The Sony hack, of course, has caused more casualties than The Interview. There have been leaked social security numbers, leaked screeners, and, most salaciously, leaked emails from producers, directors, and executives behaving badly. You've seen showbiz from many angles in you career. Did any of what you read surprise you? 

I am shocked to learn that there has been dissent within Sony about the quality of Adam Sandler movies. And to discover that even in liberal Hollywood, women do not get equal pay for equal work. As for the Amy Pascal–Scott Rudin thread about what movies President Obama might like, I was less startled by its content than by Pascal’s decision to apologize to Al Sharpton for it. Who elected this guy the Zelig of racial conflict in America?

But the real damage in the hack is not the gossip and the bitchiness. And it’s not merely the theft of intellectual property like screenplays and full cuts of movies, and the looting of personal information that could lead to identity theft and other crimes against the legions of non-boldface names who have been victimized. There are other subplots involving all sorts of people and corporations that have little or nothing to do with Sony or show business. And we don’t remotely know the whole of it yet. The hackers claim that the stolen Sony cache amounts to 100 terabytes — ten times the estimated storage space needed to digitalize the entire Library of Congress. And those who want to sift through it, whether journalists or bloggers or amateur sleuths, can and will continue doing so no matter what critics have to say about it. On Monday, for instance, the Times published an opinion piece by Aaron Sorkin lashing out at the press for trading in the Sony material, and the lawyer David Boies, in a news story in the business section, warned that Sony would go after any news organization that did so. But on the front page of the paper that very same day, the Times bucked both Sorkin and Boies to run a story on The Interview drawn in part from “hacked emails published by other media.” Yesterday, another Times article, about Google lobbying, also drew on Sony emails — these provided by “an industry executive.” Given that so many other players beyond Hollywood have figured in the emails thus far — from Google to NYU to the Times itself it’s safe to assume that the digging will continue, with more unexpected revelations yet to drip out bit by bit. It’s a Chinese — or perhaps North Korean — water torture of untold American companies and institutions.

Last year, after the Edward Snowden leaks, you wrote that "though Americans were being told in no uncertain terms that their government was spying on them, it quickly became evident that, for all the tumult in the media-political Establishment, many just didn’t give a damn." Certainly the Sony hack has led to a lot of embarrassed executives and irate staffers. Did you underestimate Americans’ desire for privacy — at least when their private matters are made public?

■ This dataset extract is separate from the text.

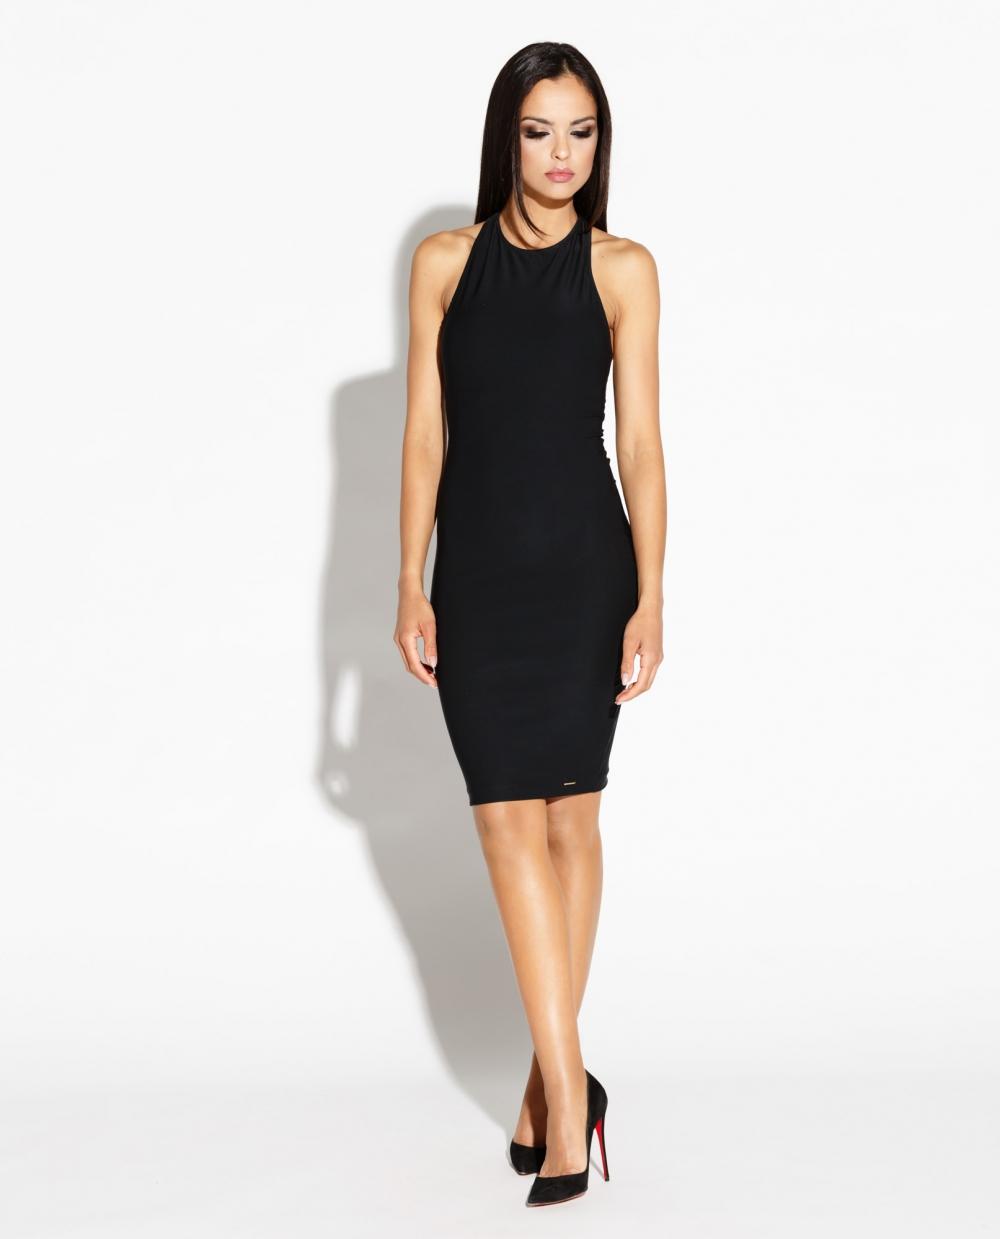 Šaty Dursi s holými zády černé
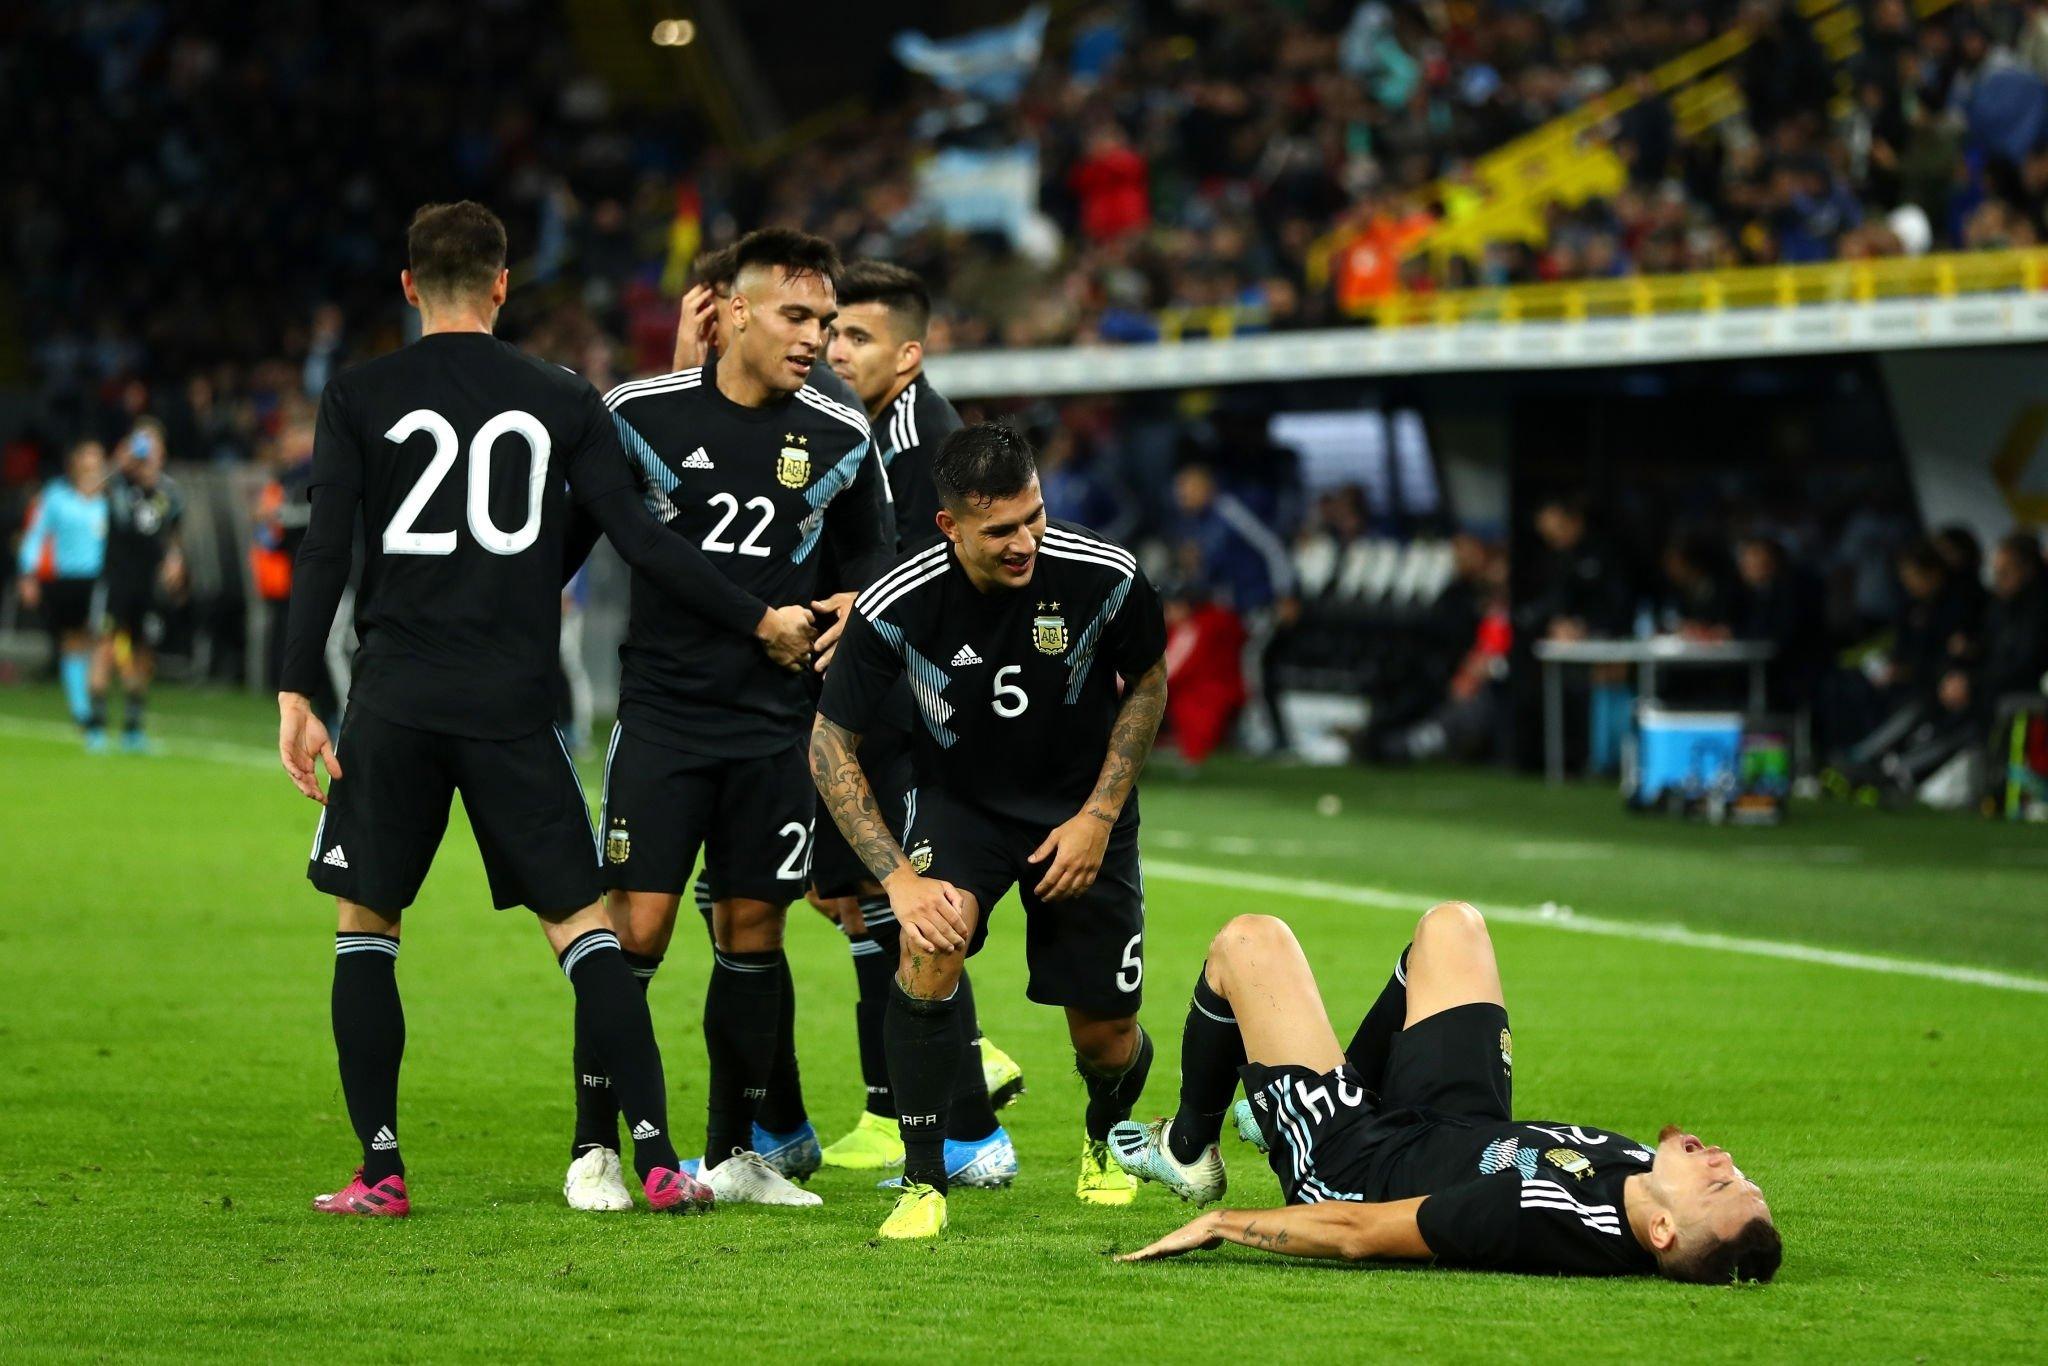 Германия - Аргентина 2:2. Ничья с горьким привкусом для команды Лева – альбиселесте отыграли два мяча - изображение 3

My point, which I think still holds, is that Americans talk a good game about wanting their privacy protected but in reality we are almost sheeplike (and I include myself in that we) in the docility with which we turn over personal information to Amazon, Google, Uber, Facebook — you name it — in pursuit of convenience, shopping, entertainment, and facile social engagement. All the information we give up can be hacked and too frequently is. One might imagine that the Sony apocalypse is making many Americans think twice about their voluntary exhibitionism. But I think we are unlikely to change our habits so much as hope, as Sony did, that surely there must be some nerd in IT somewhere who is protecting us from harm.